In June, a coalition of students alongside the authors of “And Tango Makes Three,” a book about two male penguins who father a baby penguin together, sued the Lake County School Board and the Florida Department of Education (DOE) alleging that the state’s “Parental Rights in Education” law, which prohibits age-inappropriate lessons on gender identity and sexual orientation in K-8 classrooms, is a violation of free expression, according to Politico. The Lake County School Board decided that the book, which was originally removed to be in accordance with the “Parental Rights in Education” law, will be placed back in the school after the Florida DOE clarified that its law only applies to the classroom, not libraries, according to the AP. (RELATED: ‘Dirty Books’: Librarian Org Celebrates Efforts To Keep Pornographic Books In Schools)

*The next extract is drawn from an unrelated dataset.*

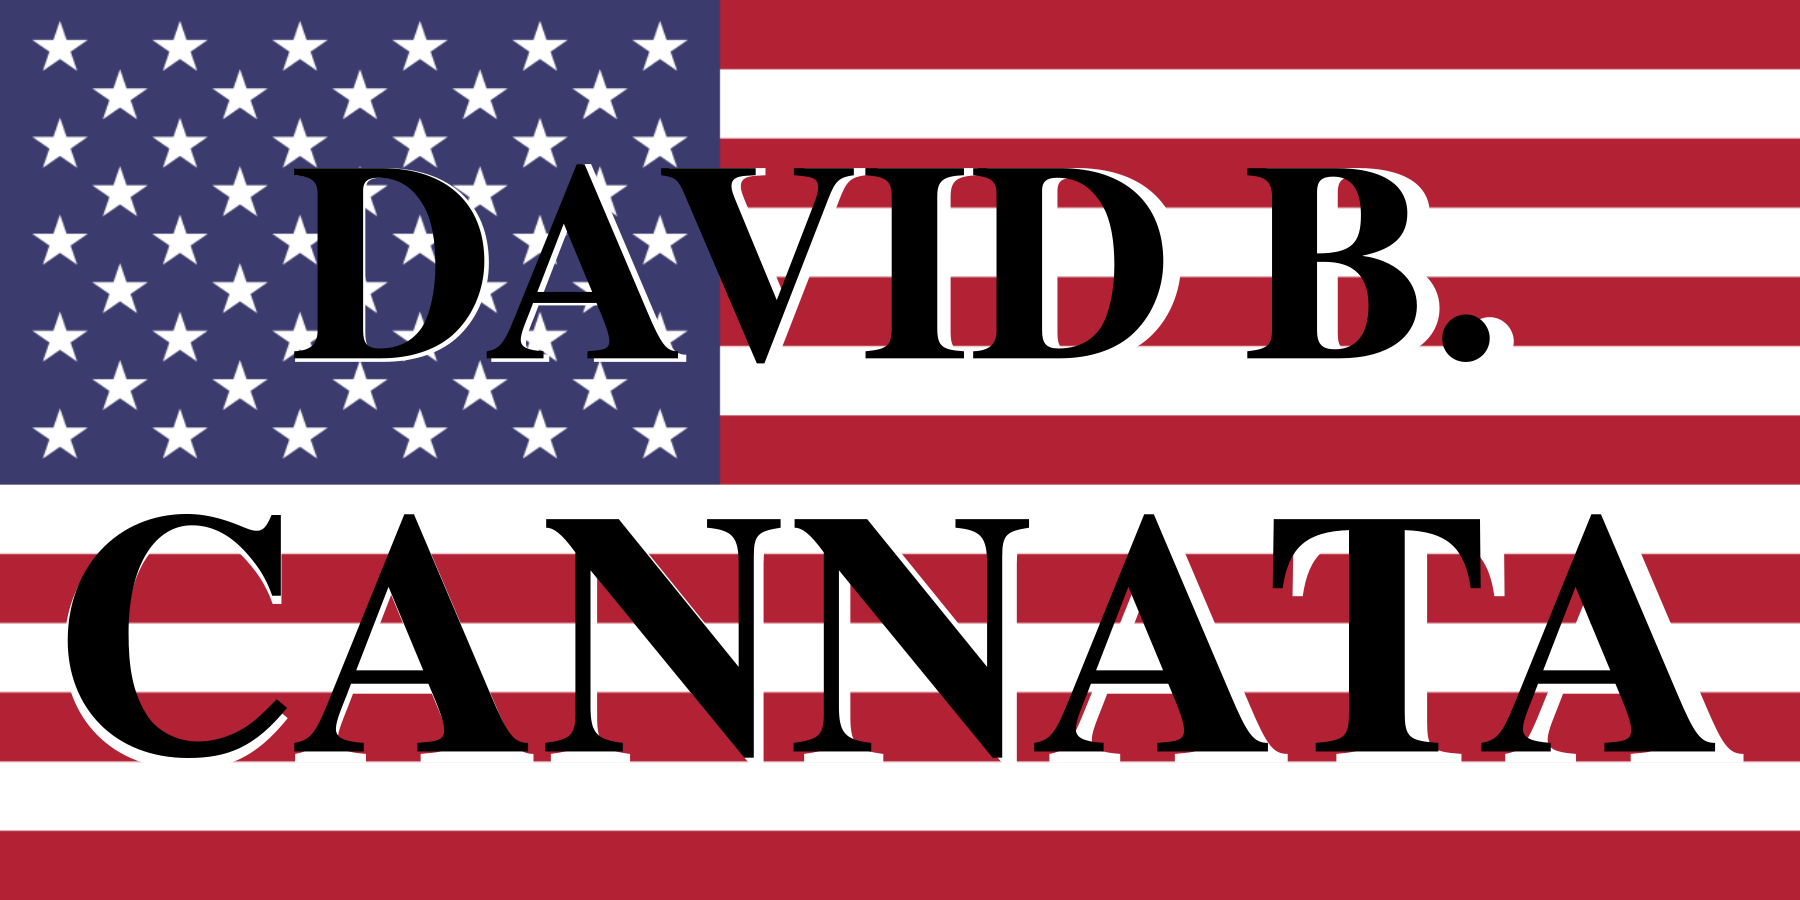 David B. Cannata for Congress

“The book was never removed from our libraries. Access was restricted for students in Kindergarten through Grade 3,” Sherri Owens, communications coordinator for Lake County School District, told the Daily Caller News Foundation. “Now that we have received clarification on Florida HB 1557, wherein the state explains that the bill’s application is to classroom instruction and not to books in our libraries, we are following the law based on the state’s legal position and have removed the age restrictions from the library books. Parents who do not want their children to have access to books in a school media center or classroom library may restrict books by topic and/or title by completing an online form.”

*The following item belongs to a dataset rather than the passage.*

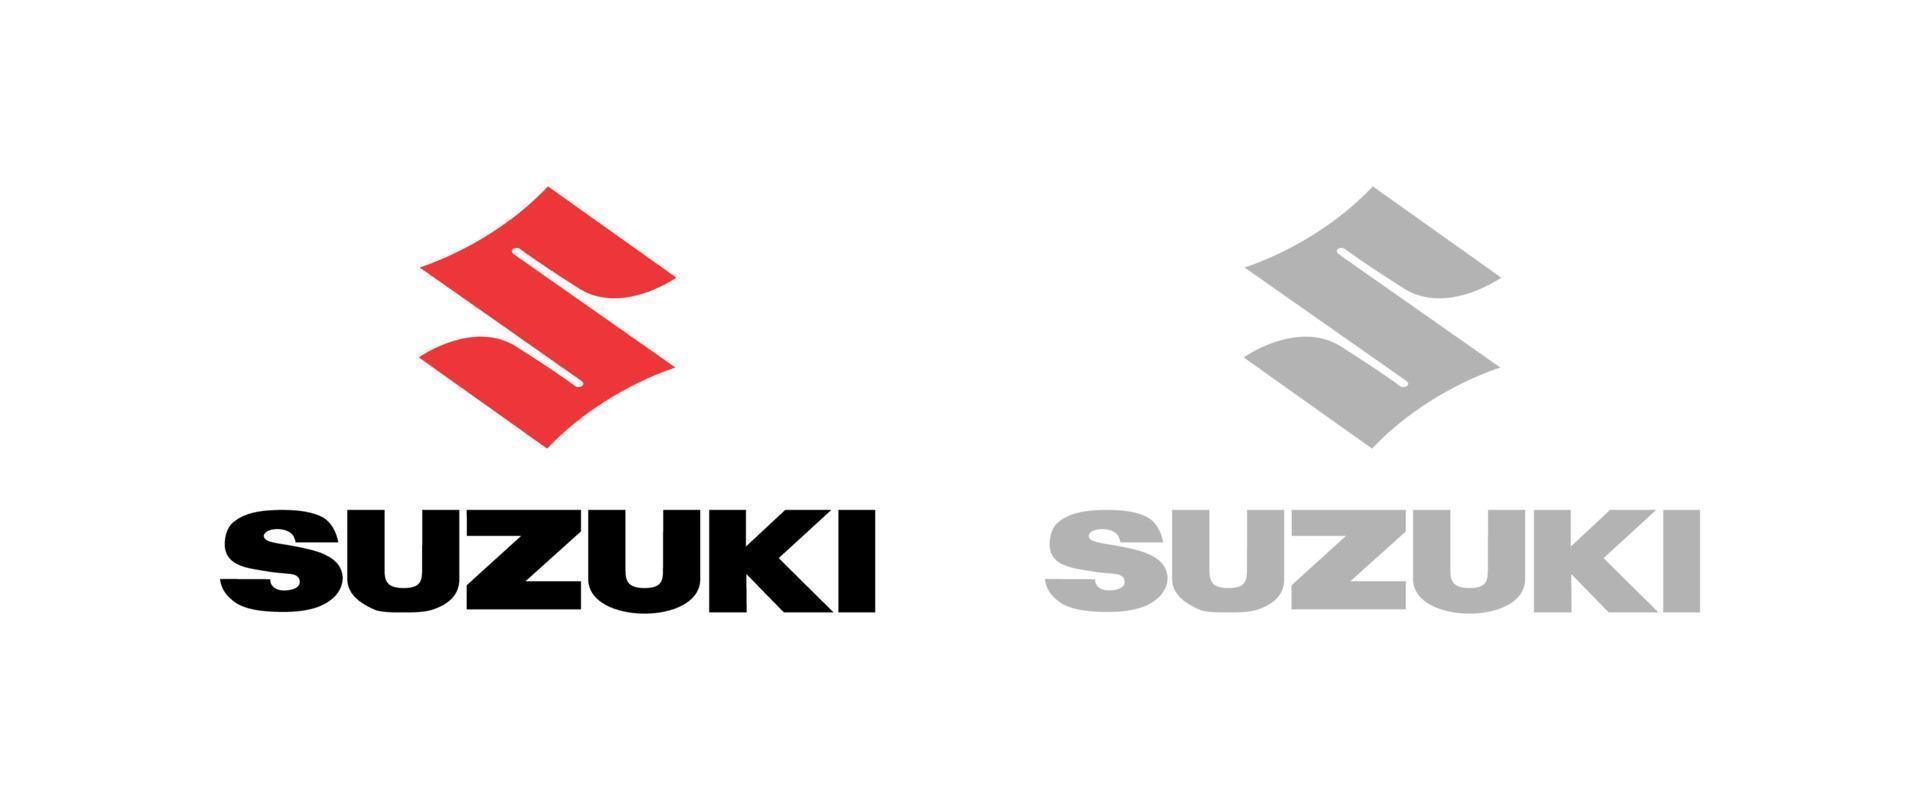 maruti suzuki logo vector, maruiti icon free vector

The Lake County School Board filed a motion asking a federal judge to dismiss the lawsuit against them now that the Florida DOE has clarified how far the “Parental Rights in Education” law extends, the AP reported.

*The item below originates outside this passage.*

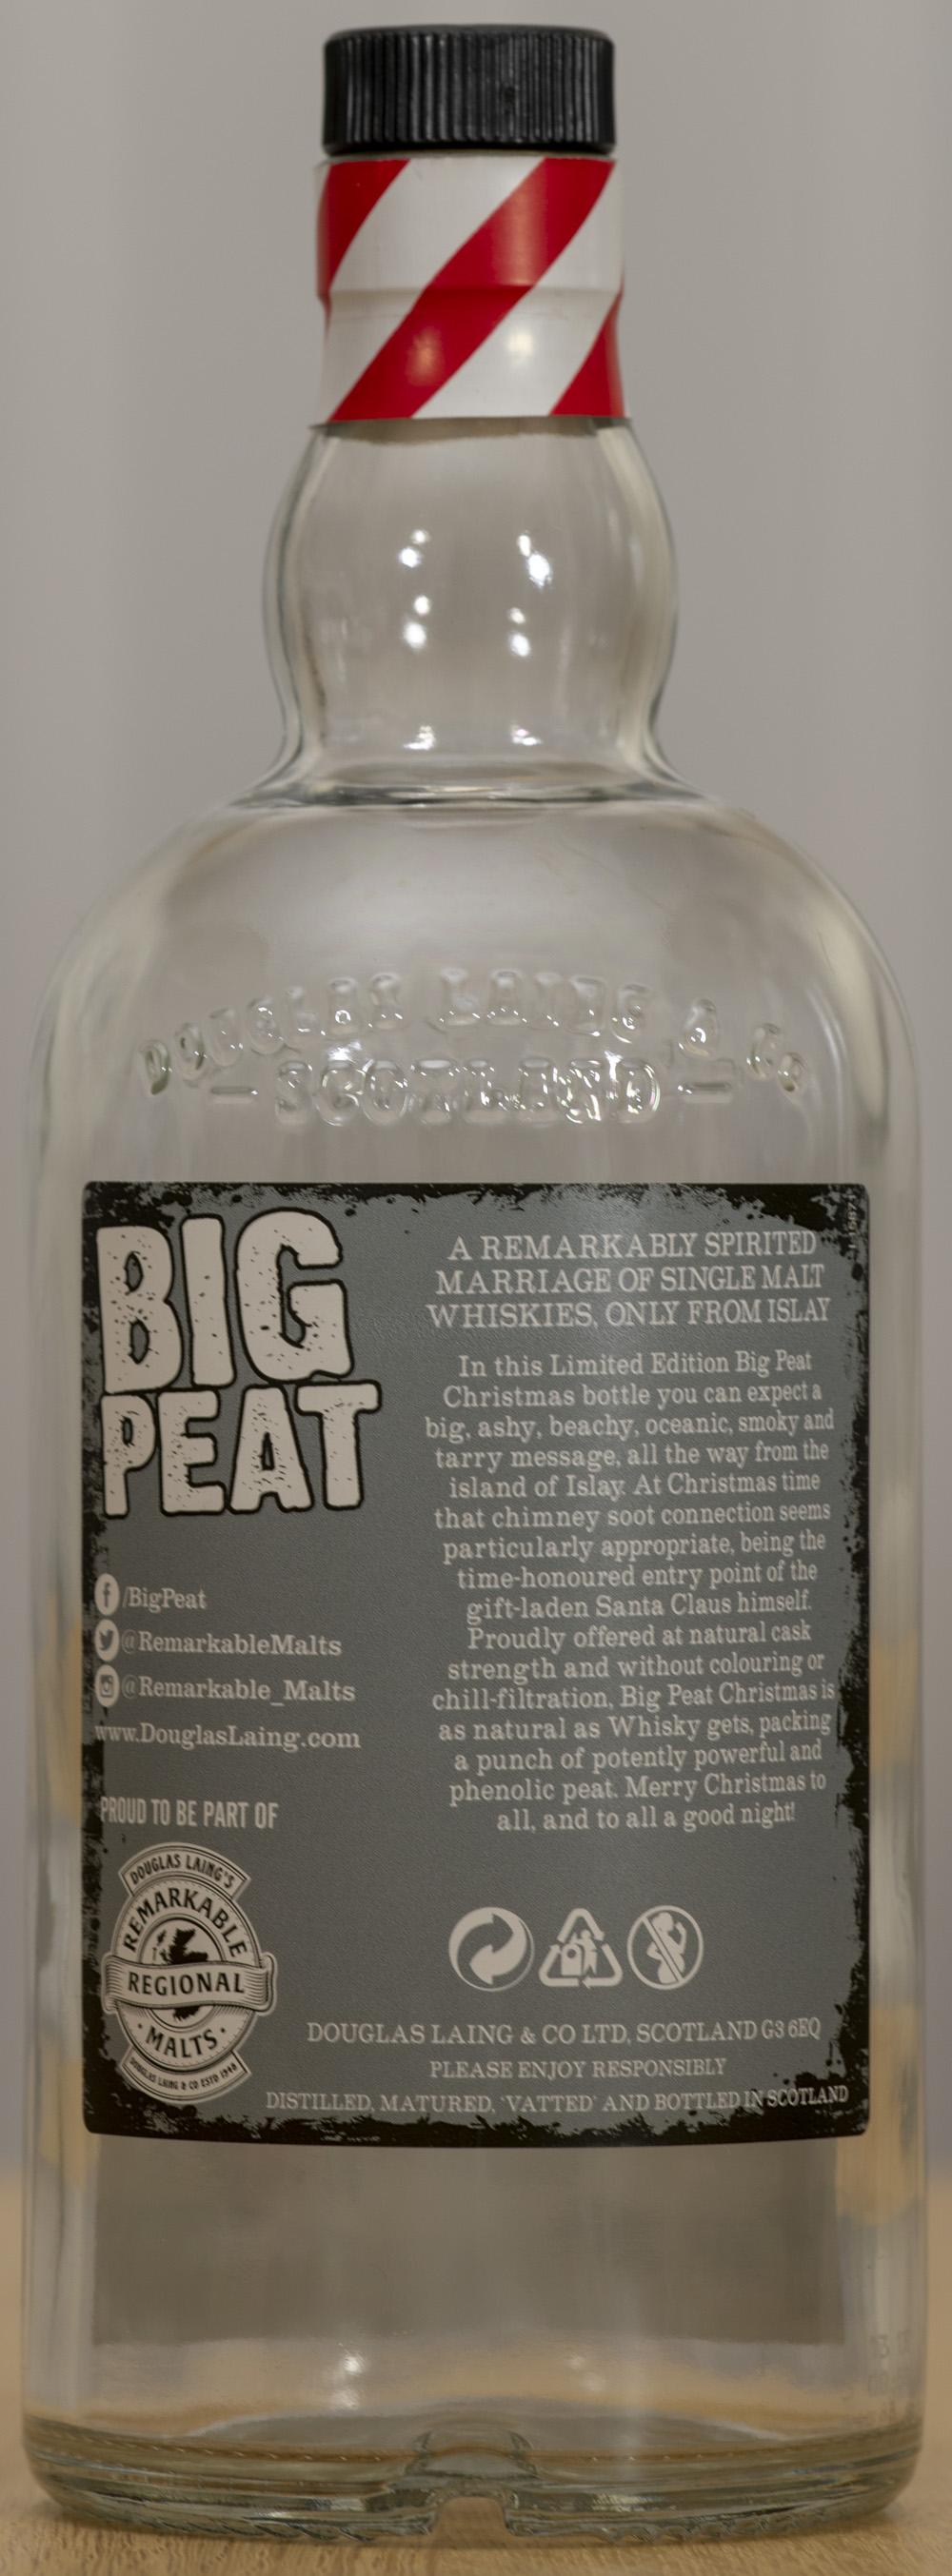 Billede: PHC_1567 - Big Peat Christmas Edition 2018 - bottle back.jpg

Members and supporters of the LGBTQ community attend the "Say Gay Anyway" rally in Miami Beach, Florida on March 13, 2022. - Florida's state senate on March 8 passed a controversial bill banning lessons on sexual orientation and gender identity in elementary schools, a step that critics complain will hurt the LGBTQ community. Opposition Democrats and LGBTQ rights activists have lobbied against what they call the "Don't Say Gay" law, which will affect kids in kindergarten through third grade, when they are eight or nine years old. (Photo by CHANDAN KHANNA / AFP) (Photo by CHANDAN KHANNA/AFP via Getty Images)

Members and supporters of the LGBTQ community attend the “Say Gay Anyway” rally in Miami Beach, Florida on March 13, 2022. (Photo by CHANDAN KHANNA/AFP via Getty Images)

The lawsuit alleged that the state’s “Parental Rights in Education” law targeted the book because of its “message of inclusion and tolerance” and for acknowledging the “existence, of LGBTQ+ individuals,” Politico reported.

“The book is factually accurate, non-vulgar, and non-obscene,” the lawsuit alleged, according to Politico. “’Tango’ had previously stood on school library shelves; and ‘Tango’ was restricted for illegitimate, narrowly partisan and political reasons.”

Parents, school boards and lawmakers throughout the country are debating how to discuss topics such as gender identity and sexual orientation in schools; in Iowa, a school district flagged nearly 400 books in July to review because they may violate a new state law that prohibits the teaching of gender identity to certain grades and prohibits material that depicts sex acts. Utah’s largest school district pulled 52 books in August 2022 for “inappropriate content,” including “Gender Queer” and “All Boys Aren’t Blue.”

The Florida DOE did not immediately respond to the DCNF’s request for comment.